## What is needed
Write out the data below exactly as given, without any of its pictures.

## Data
+++
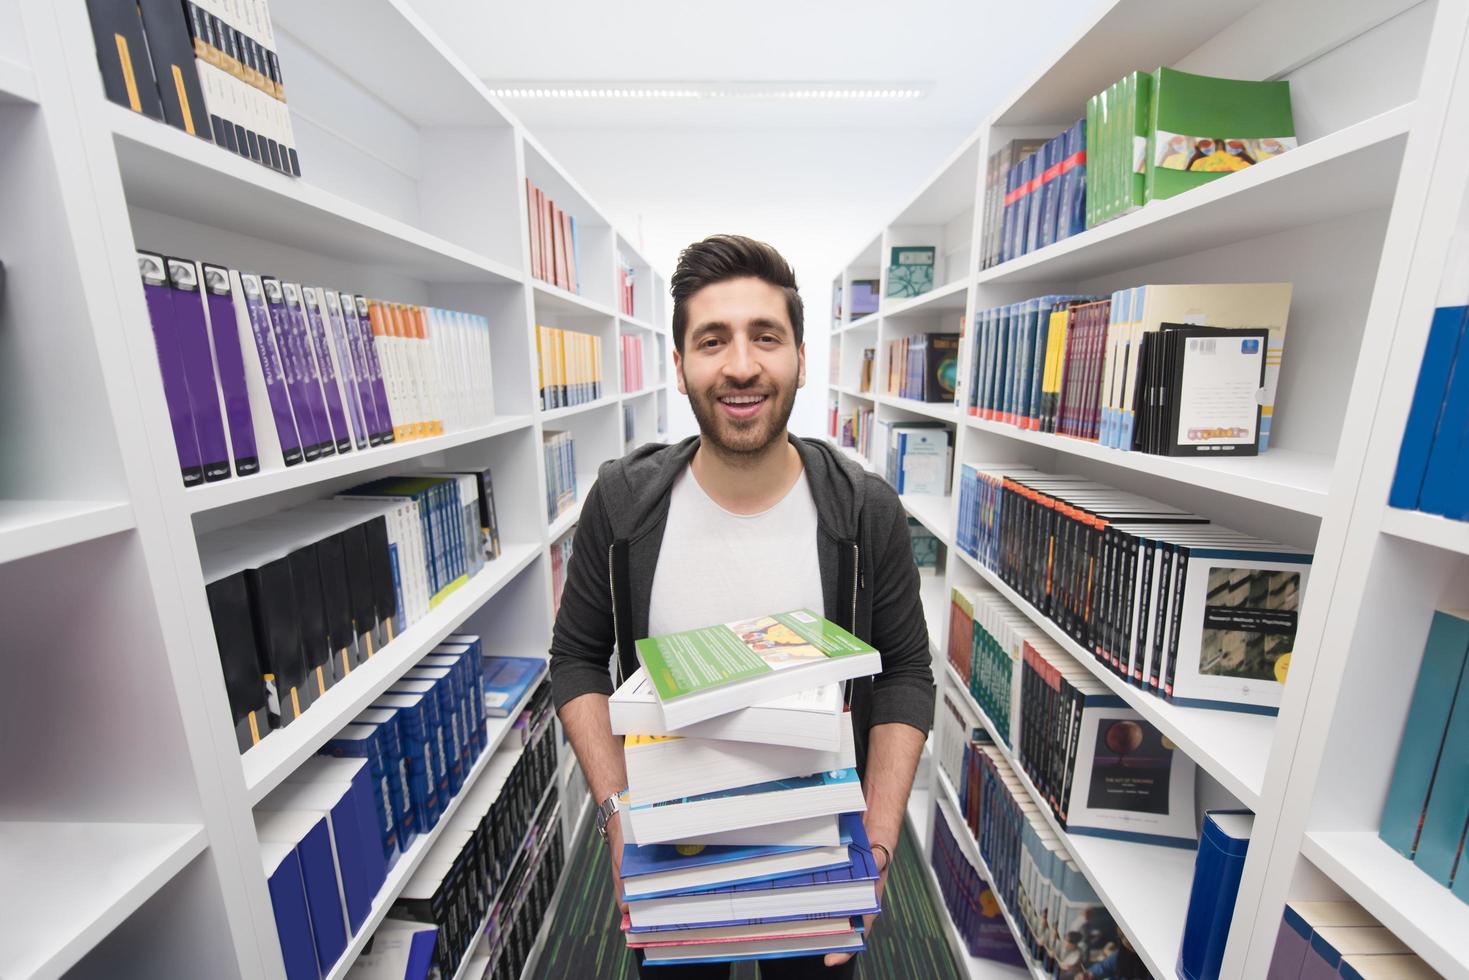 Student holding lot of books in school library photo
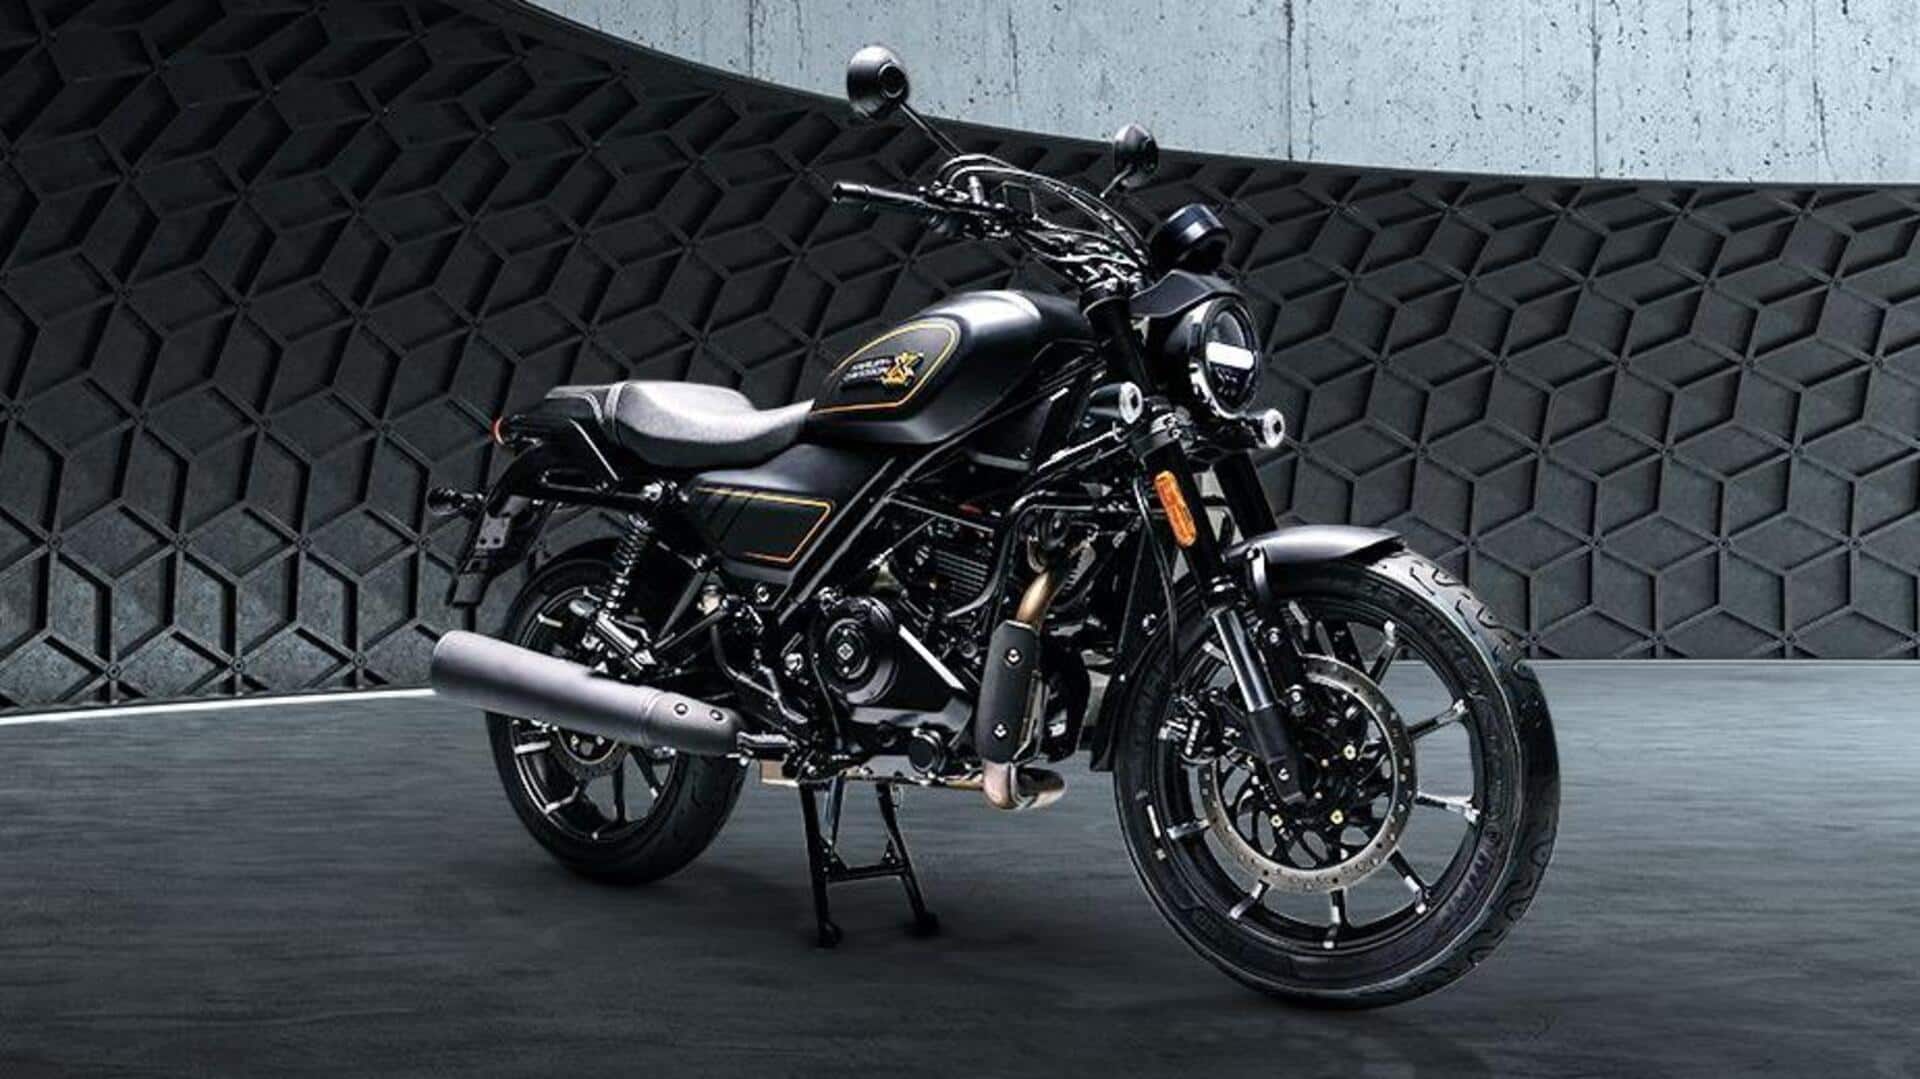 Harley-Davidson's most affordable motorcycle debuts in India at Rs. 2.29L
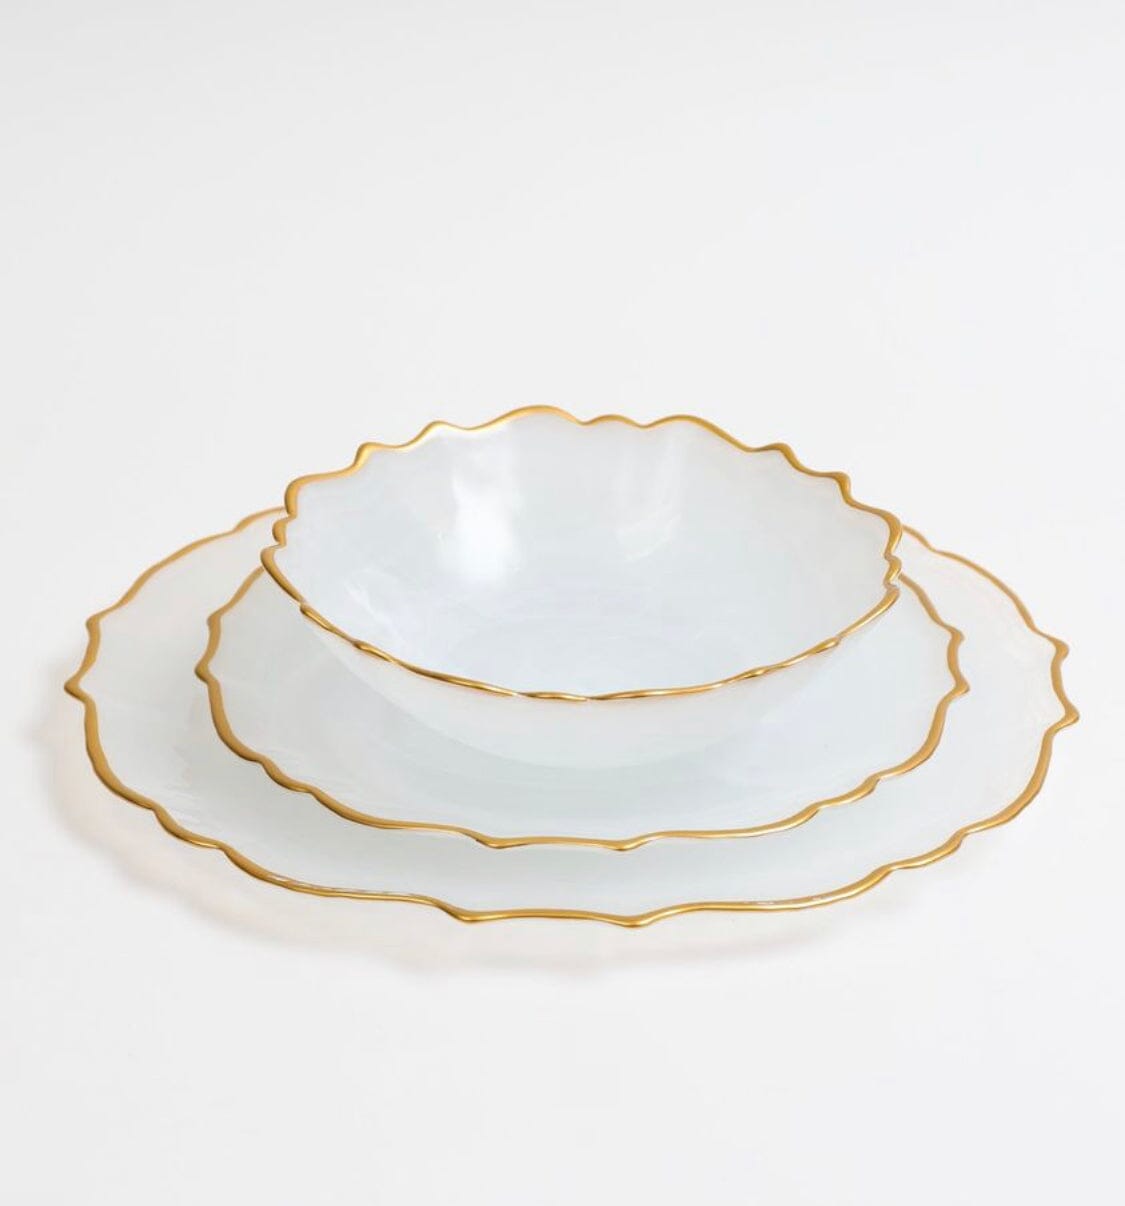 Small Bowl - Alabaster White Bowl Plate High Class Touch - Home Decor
+++
## Exercise answer
 Student holding lot of books in school library photo
 Harley-Davidson's most affordable motorcycle debuts in India at Rs. 2.29L
 Small Bowl - Alabaster White Bowl Plate High Class Touch - Home Decor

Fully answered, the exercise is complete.